A comprehensive foundation is provided by the Active Inference Textbook.
The video by Shamil Chandaria has a mathematical exposition of free energy.
Free Energy
Andrius: This is my understanding based on the above video.
{$P$} describes the probabilities given by the first mind, the neural mind, and {$Q$} describes the probabilities given by the second min, the conceptual mind. We have {$P\sim Q$}.
(Shannon) Relative Entropy: KL Divergence
{$$D_{KL}(p\parallel q)=\sum_{x\in X}p(x)\textrm{log}\frac{p(x)}{q(x)}$$}
What are the causes of my sensory data?
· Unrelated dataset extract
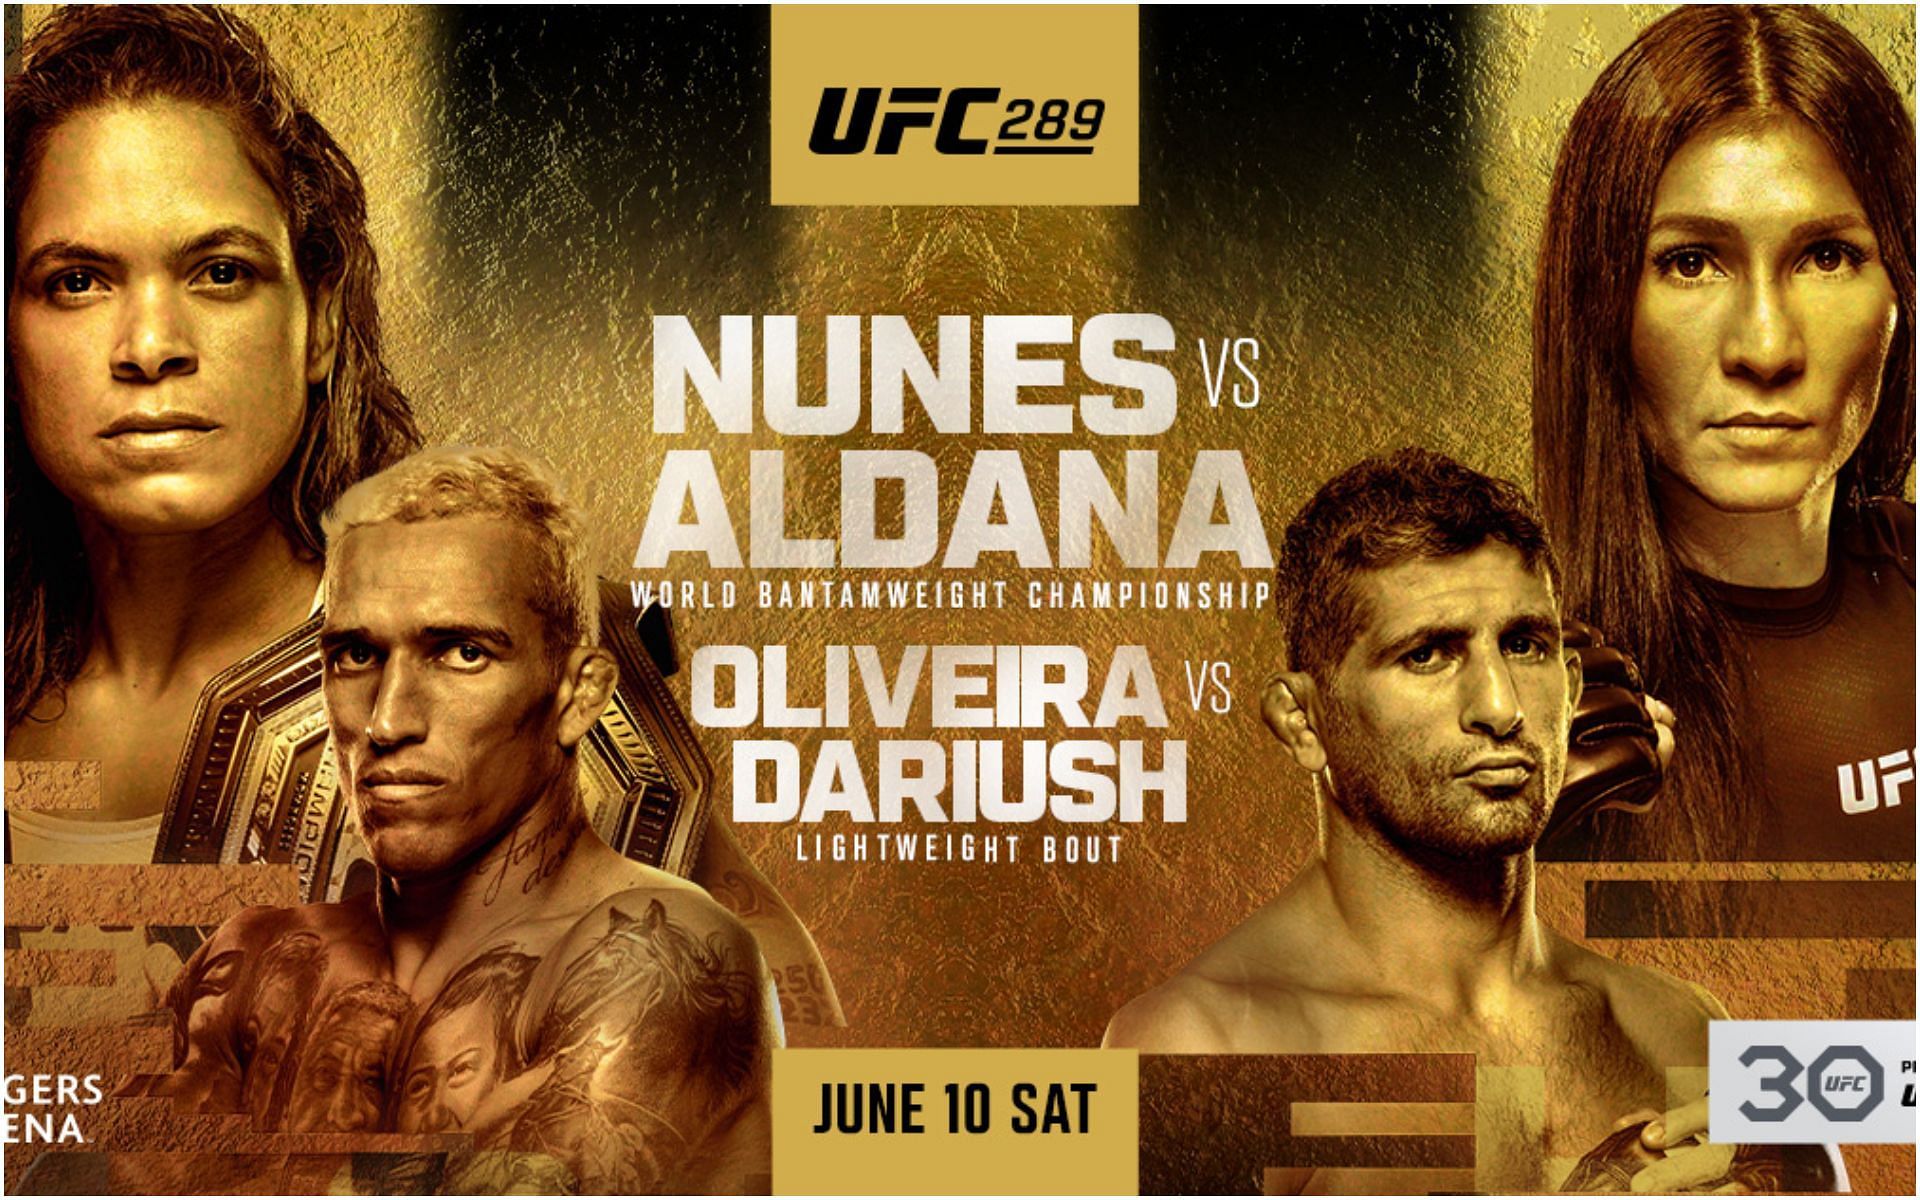 UFC 289: Nunes vs Aldana official poster

Bayes theorem gives: {$P(v|u)=\frac{P(u|v)P(v)}{P(u)}$}
Use approximate posterior {$q$} and learn its parameters (synaptic weights) {$\phi $}. We have {$Q(v|u)\sim P(v|u)$}
Minimize the Kullback-Leibler divergence ('distance') between {$Q$} and true Posterior {$P$} by changing the parameters {$\phi$}.
{$$\textrm{min}!\;D_{KL}[P(v|u)\parallel Q(v|u)]=\sum_v Q(v|u)\textrm{ln} \left [\frac{Q(v|u)}{P(v|u)} \right ]$$}
{$$=\mathbb{E}_Q[\textrm{ln}Q(v|u)-\textrm{ln}P(v|u)]$$}
{$$=\mathbb{E}_Q[\textrm{ln}Q(v|u)-\textrm{ln}P(u|v)-\textrm{ln}P(v)+\textrm{ln}P(u)]$$}
{$$=\mathbb{E}_Q[\textrm{ln}Q(v|u)-\textrm{ln}P(v)]+\mathbb{E}_Q[-\textrm{ln}P(u|v)]+\textrm{ln}P(u)$$}
{$$=D_{KL}[Q(v|u)\parallel P(v)]+\mathbb{E}_Q[-\textrm{ln}P(u|v)]+\textrm{ln}P(u)$$}
{$\textrm{ln}P(u)]$} constant
{$D_{KL}[Q(v|u)\parallel P(v)]$} {$KL$}-divergence of prior and posterior
{$\mathbb{E}_Q[-\textrm{ln}P(u|v)]$} how surprising is the sensory data
{$D_{KL}[Q(v|u)\parallel P(v)]+\mathbb{E}_Q[-\textrm{ln}P(u|v)]$} free energy
{$F=\sum_v Q(v|u)[-\textrm{ln}P(v,u)]-\sum_v -Q(v|u)\textrm{ln}Q(v|u)$} free energy = average energy + entropy
{$p_\nu = \frac{e^{-\beta E_\nu}}{Z}$} probability of being in the energy state {$E_\nu$} (Boltzmann distribution)
{$-\textrm{ln}P(v,u)$} energy of the explanation
{$\sum_v Q(v|u)[-\textrm{ln}P(v,u)]$} average energy
{$\sum_v -Q(v|u)\textrm{ln}Q(v|u)$} entropy
Free energy
Andrius: I am studying the different kinds of energy so that I could understand free energy, which is basic for Active Inference.
Internal energy {$U$} has to do with energy on the microscopic scale, the kinetic energy and potential energy of particles.
Heat {$Q$} has to do with energy transfer on a macroscopic scale across a boundary.
See also: Active Inference at Math 4 Wisdom
Activities Grounded in Active Inference
Examples from chapter 7
- Perceptual processing (listening to an amateur musician) - deducing (intended) signal
- Decision-making and planning (rat navigating a T-maze by reading info) - epistemic vs. pragmatic
- Information seeking (eye saccade) seeking precision where you can get it, yielding streetlight effect
- Learning and novelty (synthetic worm exploring its environment) changing the generative model
- Hierarchical or deep inference (words and sentences) separate time scales
What I want to model
- How issues come to matter (to the continuous, procedural mind) discovering critical points and navigating with regard to them
- How meaning arises (to the discrete, declarative mind) for a language of critical points
How does prediction and resulting error come into play?